Probably still the same problem. Even though your original sample was
ok, when you do CV, each of the CV-train sets must have at least two
sample in every category.
Eg. take a y-vector like
1,1,2,2,2,2
If you do 3 fold CV you must divide your set into 3 test-sets, eg. (if
you do not do randomization)
1,1
2,2
2,2
The corresponsing training sets would be
2,2,2,2
1,1,2,2
1,1,2,2
so in this case you have a problem with the first train set as it does
not contain more than 1 class. This is in principle only a problem on
small sample sizes, but if you have (one or more) categories
containing only a few samples you might run into this.

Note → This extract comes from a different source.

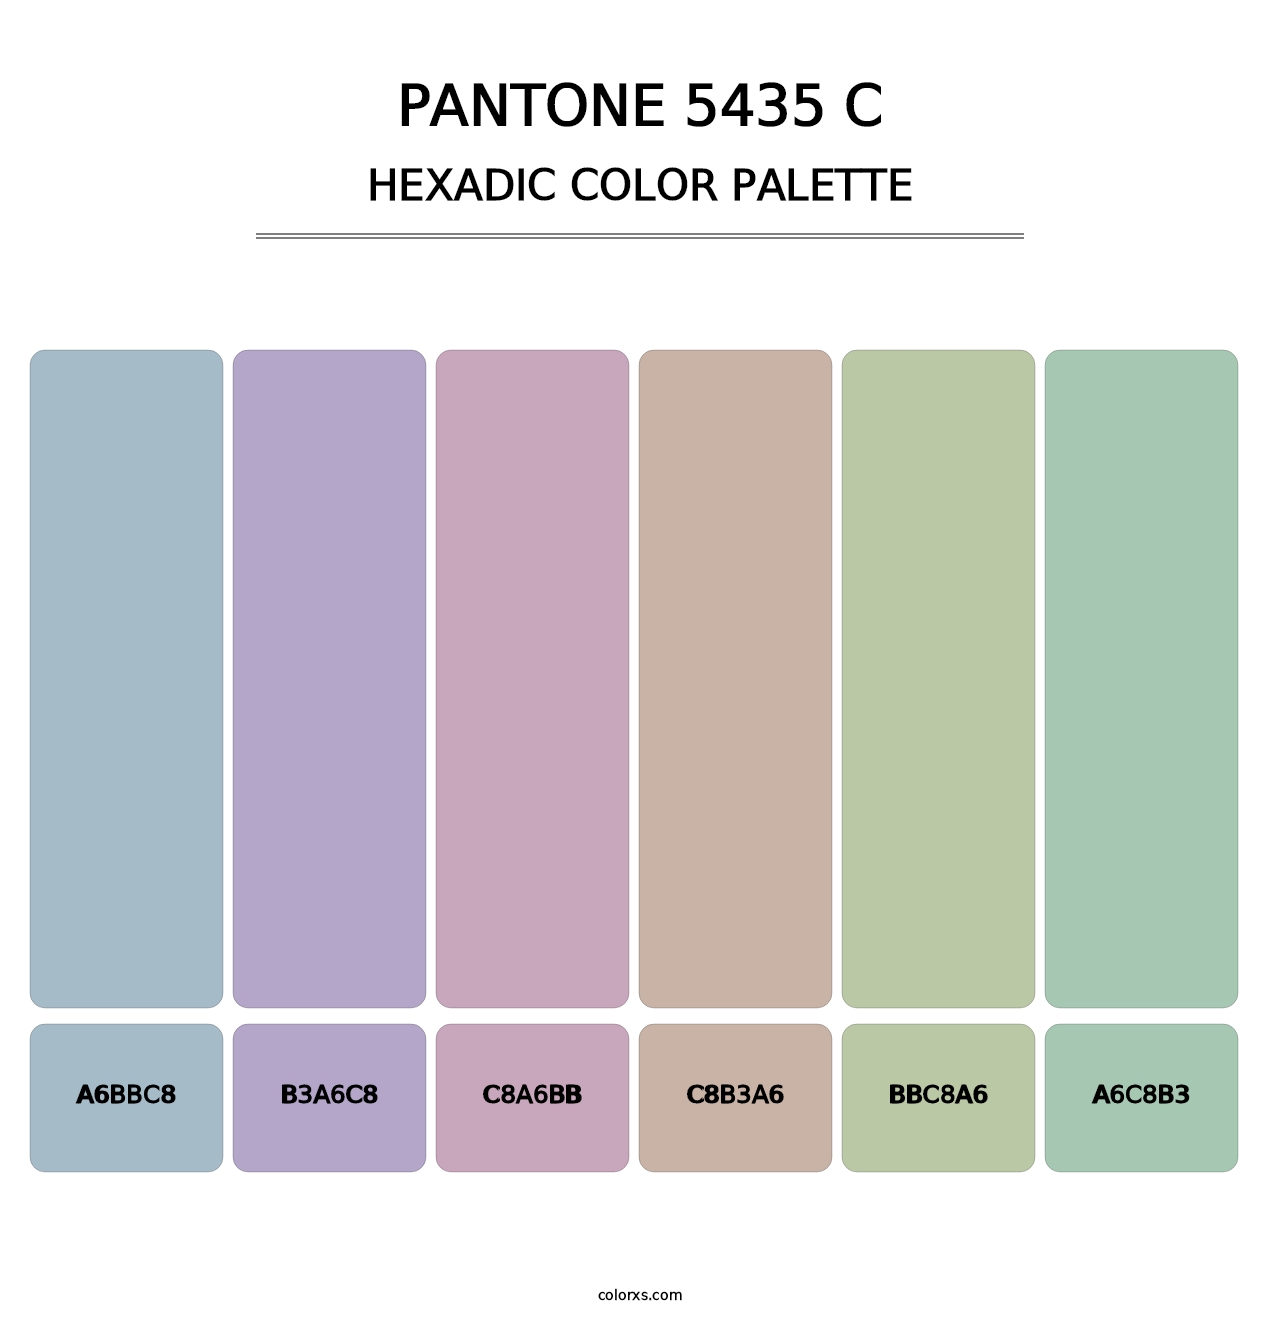 PANTONE 5435 C - Hexadic Color Palette
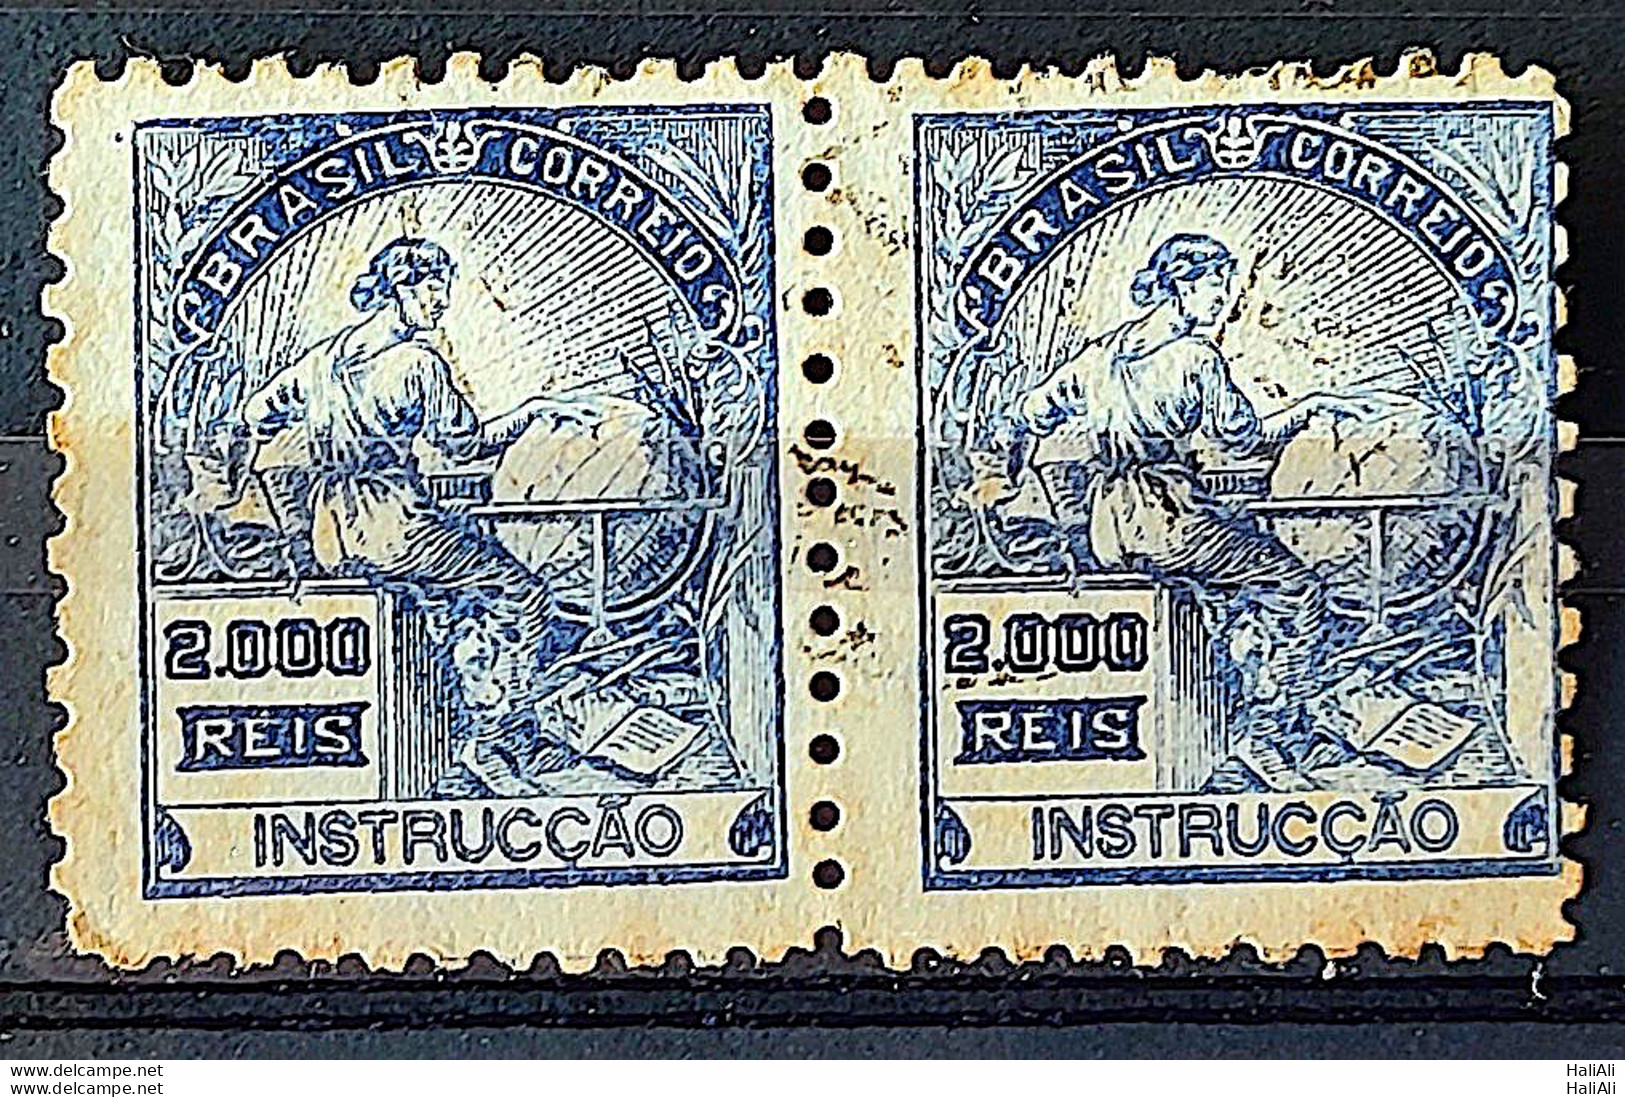 Brazil Regular Stamp Cod Rhm 308 Grandma Instruction 2000 Reis Filigree N 1936 Pair Circulated 2 - Used Stamps

As far as I can ascertain, in your case it is doing 3-fold cv. This
means that each test set is a sample of size 8 from your z
vector. Unless you sample exactly one of each of the 8 categories,
your will have the error. So you have way to few samples of each
category... 1-fold cv would work though. But is it really possible to
make good class predictions based on 3 samples of each class?
/Kasper
> ********************************************************************
***********
> Richard P. Beyer, Ph.D. University of Washington
> Tel.:(206) 616 7378 Env. & Occ. Health Sci. , Box 354695
> Fax: (206) 685 4696 4225 Roosevelt Way NE, # 100
> Seattle, WA 98105-6099
>
http://depts.washington.edu/ceeh/ServiceCores/FC5/FC5.html
> ********************************************************************
***********
>
> On Wed, 28 Jul 2004, Kasper Daniel Hansen wrote:
>
>> Dick Beyer <dbeyer@u.washington.edu> writes:
>>
>> > I am having trouble with pamr.train and subsequently pamr.cv.
>> >
>> > In the pamr documentation, the following works:
>> >
>> > set.seed(120)
>> > x <- matrix(rnorm(1000*20),ncol=20)
>> > y <- sample(c(1:4),size=20,replace=TRUE)
>> > mydata <- list(x=x,y=y)
>> > mytrain <- pamr.train(mydata)
>> > mycv <- pamr.cv(mytrain,mydata)
>> >
>> > But if you change the seed, it doesn't:
>> >
>> > set.seed(1123)
>> > x <- matrix(rnorm(1000*20),ncol=20)
>> > y <- sample(c(1:4),size=20,replace=TRUE)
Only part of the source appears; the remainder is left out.